# TASK OBJECTIVE
The data below should be transcribed in full, with no picture included.
Top of COLLECTED MATERIAL
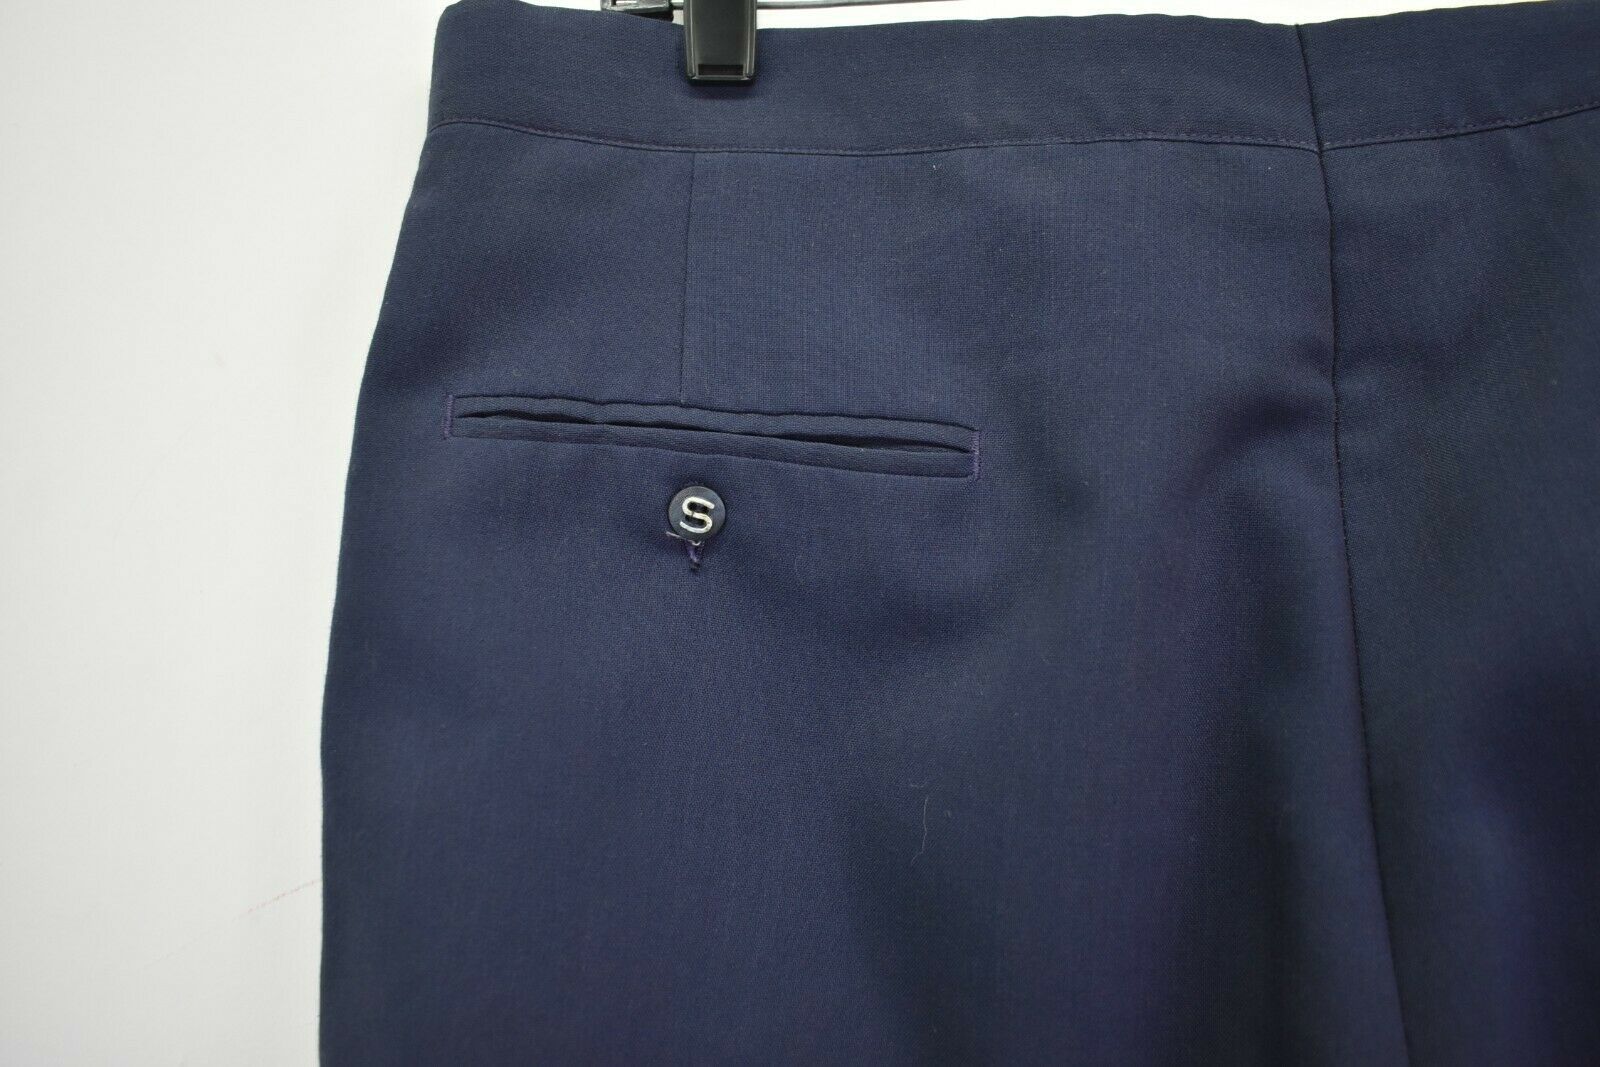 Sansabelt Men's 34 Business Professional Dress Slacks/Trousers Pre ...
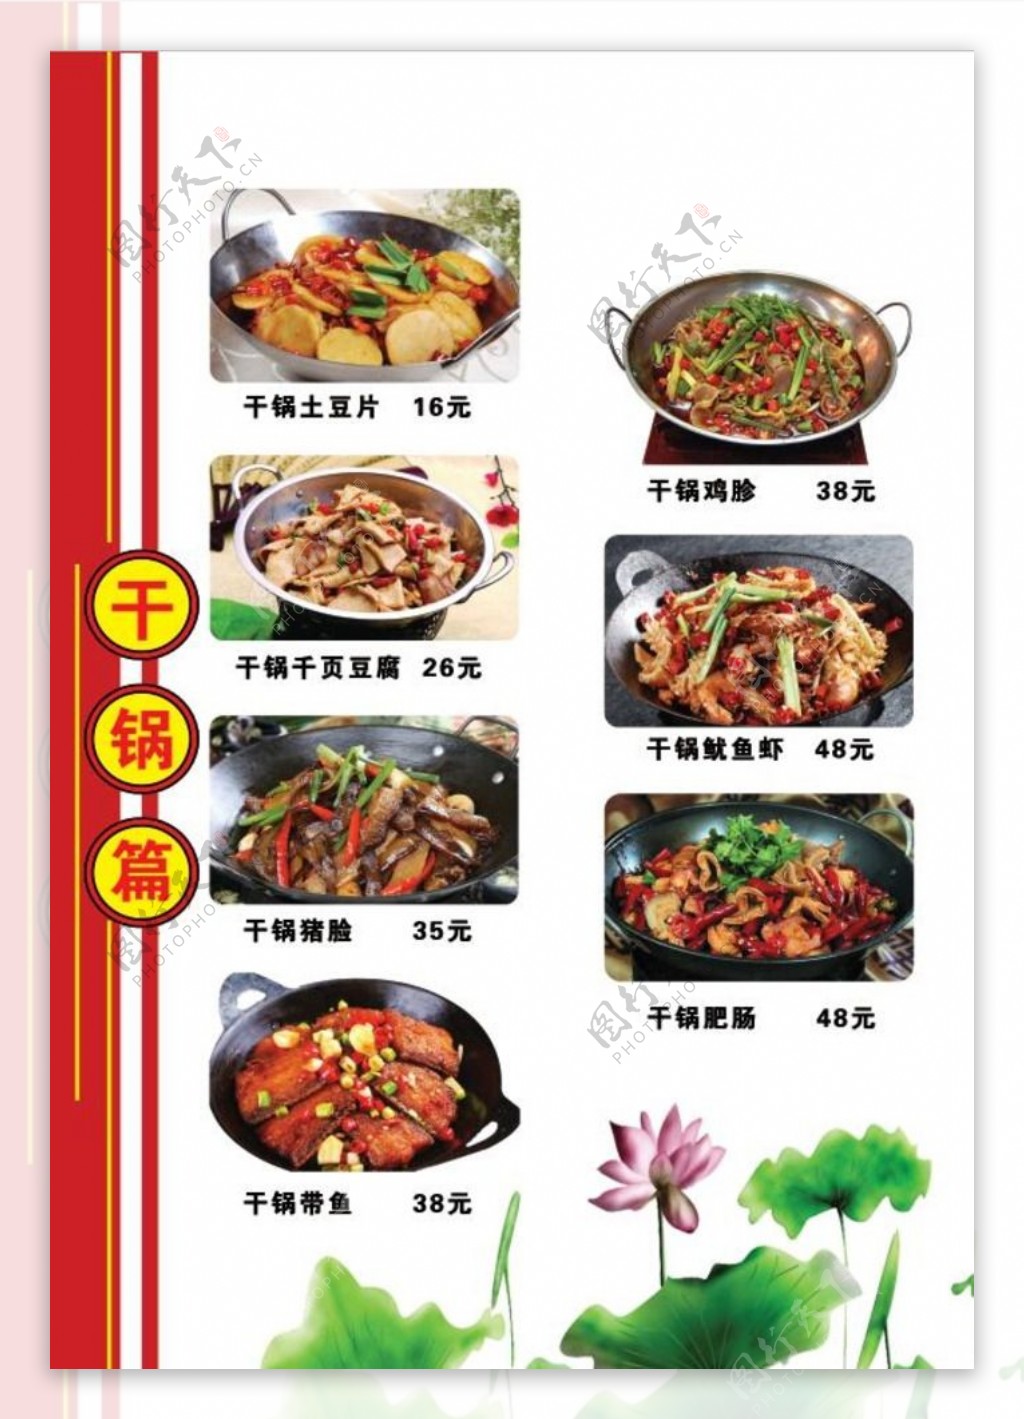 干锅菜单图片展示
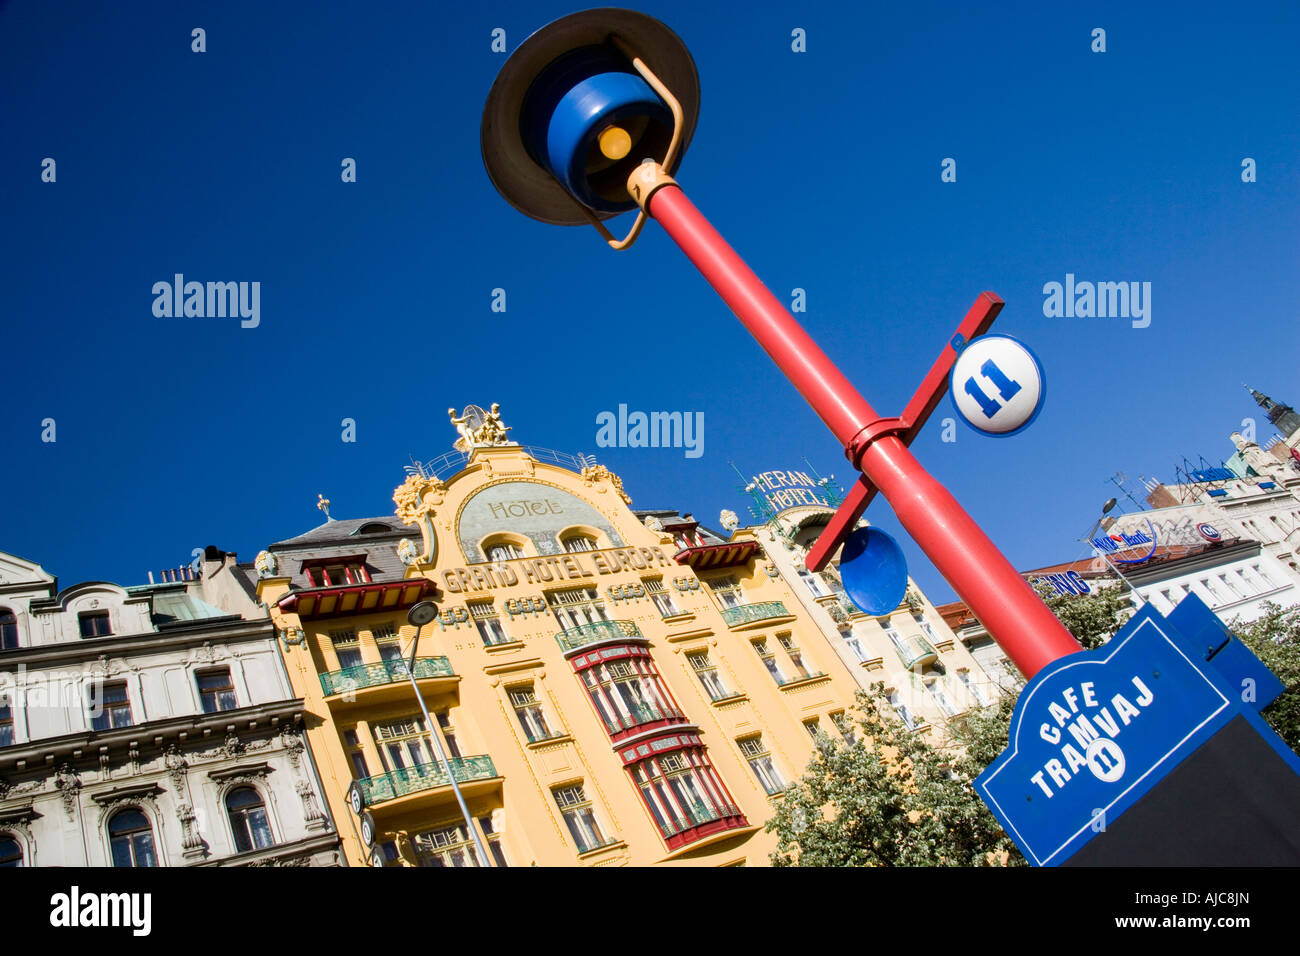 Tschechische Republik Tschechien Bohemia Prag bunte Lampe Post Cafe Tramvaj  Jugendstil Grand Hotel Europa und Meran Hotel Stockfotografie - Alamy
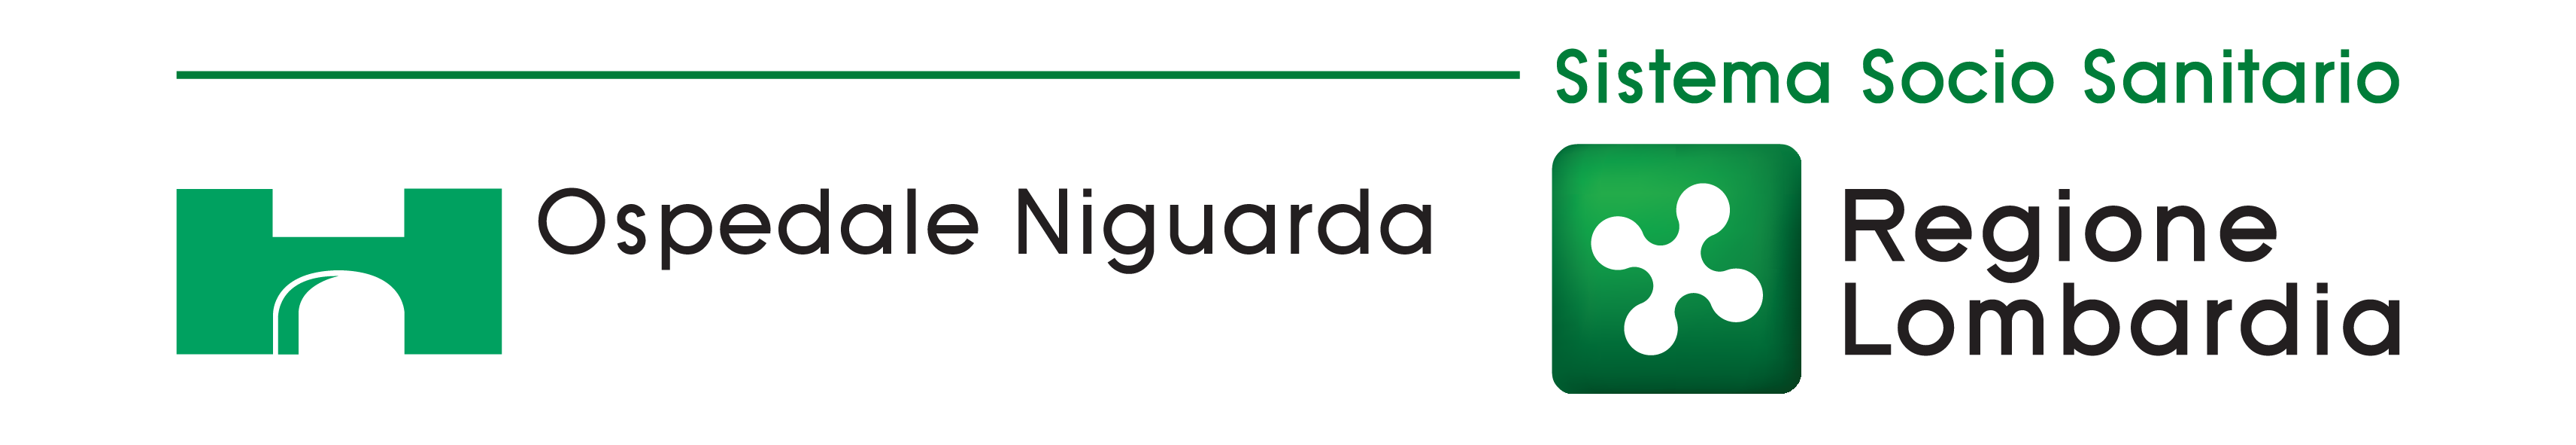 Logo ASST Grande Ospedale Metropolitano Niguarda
Bottom of COLLECTED MATERIAL
# EXERCISE SOLUTION
 Sansabelt Men's 34 Business Professional Dress Slacks/Trousers Pre ...
 干锅菜单图片展示
 Tschechische Republik Tschechien Bohemia Prag bunte Lampe Post Cafe Tramvaj  Jugendstil Grand Hotel Europa und Meran Hotel Stockfotografie - Alamy
 Logo ASST Grande Ospedale Metropolitano Niguarda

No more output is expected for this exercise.